Life after stillborn - will this ever get better?

128 replies

Impatientwino · 21/03/2016 19:39

I've been trying to post this for days but couldn't muster the strength.

DS2 was stillborn at 39 weeks last weekend. My placenta detached 24 hours before my ELCS. I did 5 days of induction but eventually he was born naturally and peacefully.

Please can someone tell me this horrific heartache will get better? It just feels so endless. Like nothing will ever be any good ever again.

The mornings are hardest when DS1 (3.5) is in nursery school, the house is so quiet and we have nothing to do but the awful practical things that need to be done.

Today has been one of the saddest days - we saw the vicar to discuss his funeral service, dropped his little outfit off to the funeral director for them to dress him in, had to go shopping for something for me to wear for his service and emptied his nursery into boxes that are now in the loft.
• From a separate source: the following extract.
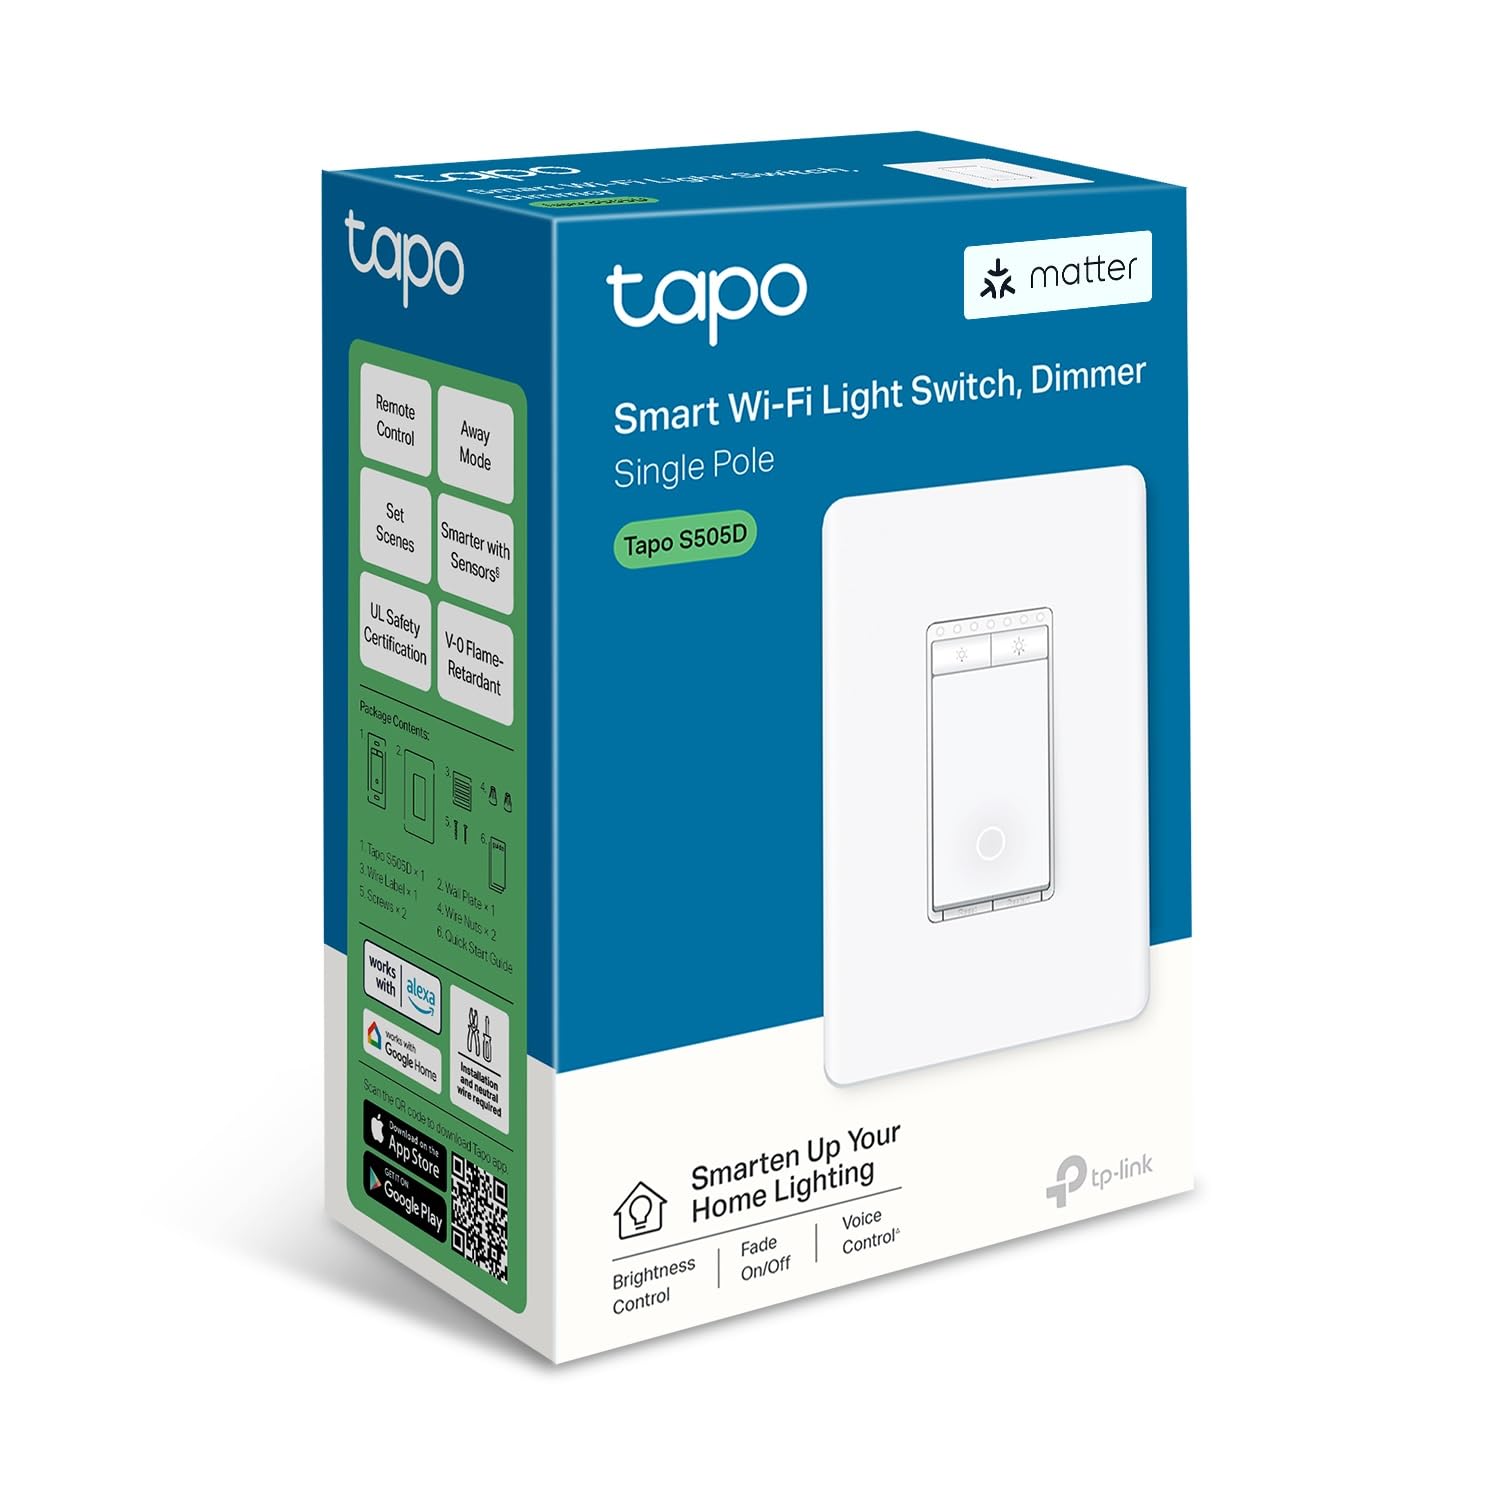 TP-Link's 1st Matter Smart Dimmer Switch Single Pole Tapo S505D

It's now just an stark, empty bedroom - we're going to turn it into a playroom for his big brother but it just is so horrid having a room I'm so scared of in a place we're supposed to feel safe, our own home.

Every day my stomach gets flatter and my lochia is lighter and it feels like I'm still slowly losing him.

When the sadness hits it's terrifying, the emotion is so strong I feel like I'm going to vomit and my chest is going to cave in with the pain. It feels like my brain is having to remind me ever ten minutes or so that he's gone and I just want to wake up from this horrible nightmare.

The midwifery team at our local hospital have been utterly amazing and are supporting us so well, as are our families and friends so we are lucky in that respect but despite it all I feel lost and alone and scared and angry, so very angry all at the same time.

Please, anyone, does this pain get better?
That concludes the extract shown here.